Figure C1 Example of the data transformations used during the training of NitroNet. Shown here are histograms of the training targets (NO₂ concentrations) at all altitudes before (a) and after (b) the application of a logarithmic data transformation. The transformed targets are unitless.

Figure C2 Overview of the TROPOMI NO₂ VCDs (with recomputed air mass factors) following the application of the data filter described in Sect. 3.3. Panel (a) shows the remaining data, averaged across all orbits from May 2019. Panel (b) shows the remaining fraction of instances in relation to the unfiltered dataset.

Figure C3 As in Fig. 3 but computed on the unfiltered test set.

Figure C4 Scatter plots of the data shown in Fig. 5, restricted to individual countries (Germany, the Netherlands, and Italy).

Figure C5 As in Fig. C4 but without urban stations.
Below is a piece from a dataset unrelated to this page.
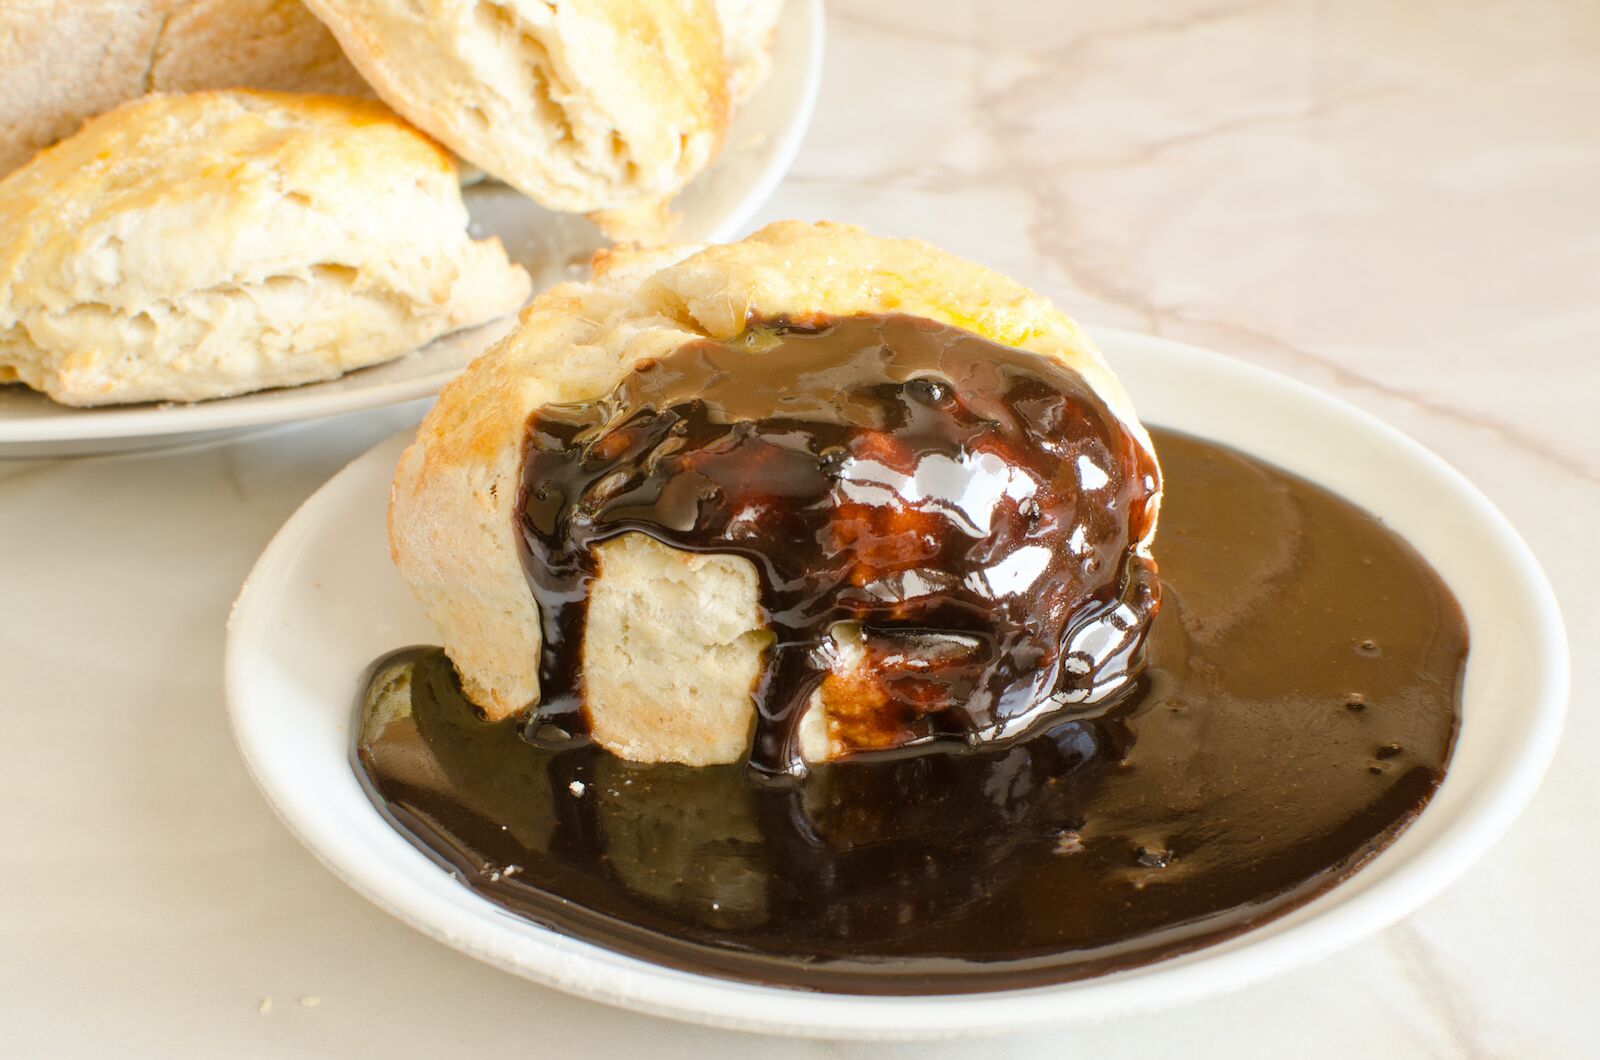 Biscuits with chocolate gravy
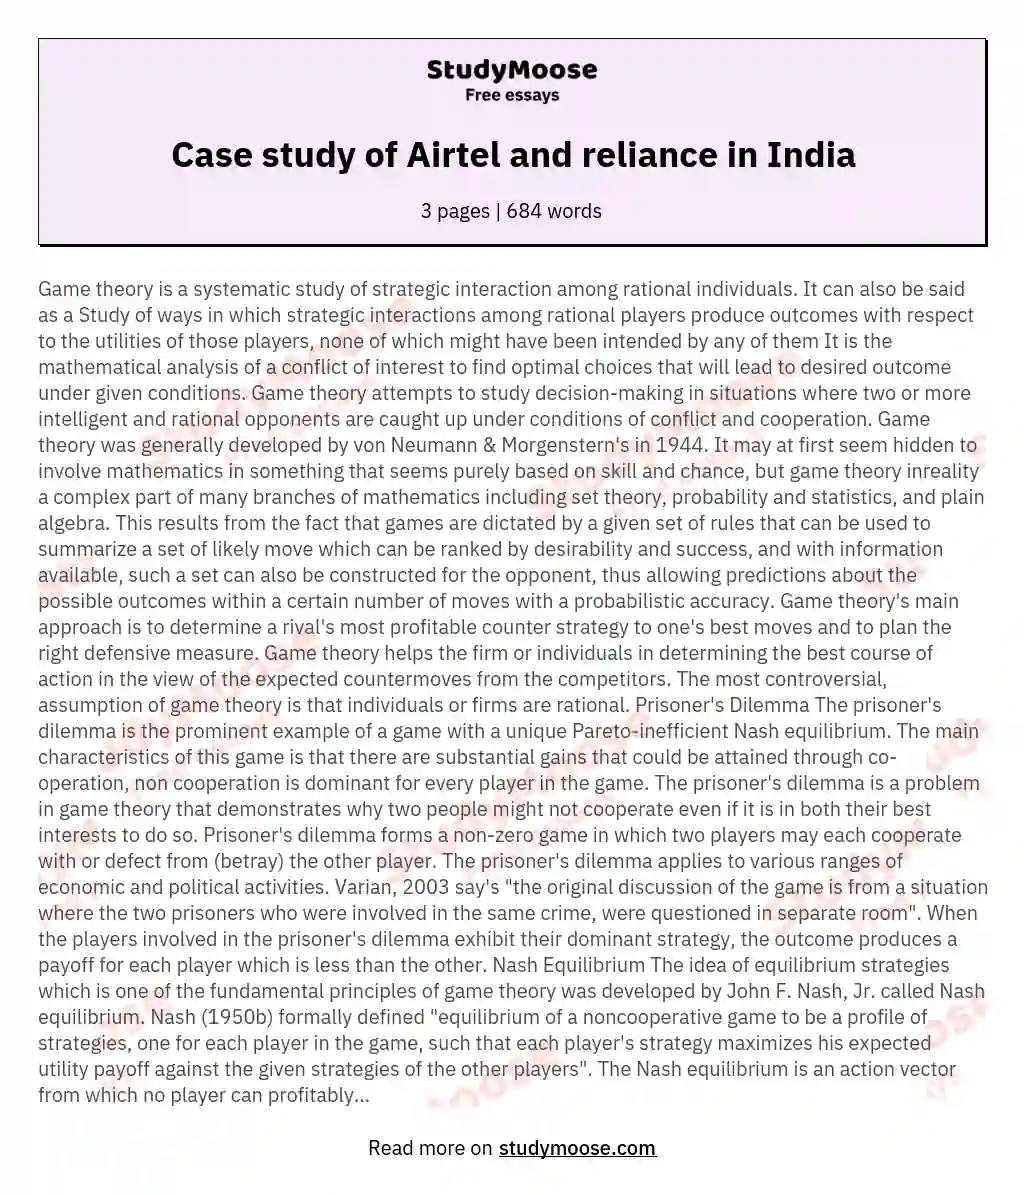 Case study of Airtel and reliance in India essay

Figure C6 As in Fig. 11 but with urban stations included. The RMSE and intercept are displayed in µg m⁻³.

Figure C7 Monthly-mean averaging kernel matrix from the FRM₄DOAS instrument for Heidelberg (May 2022). The rows and columns are ordered such that index 1 represents the lowest layer of the retrieval, while index 20 represents the highest. Each layer has a vertical extent of 200 m.

Figure C8 As in Fig. 7a but for 1 summer day and 1 winter day. Panel (a) shows data from 5 May 2022. Panel (b) shows data from 5 November 2021.

Figure C9 As in Fig. 13 but with urban stations included.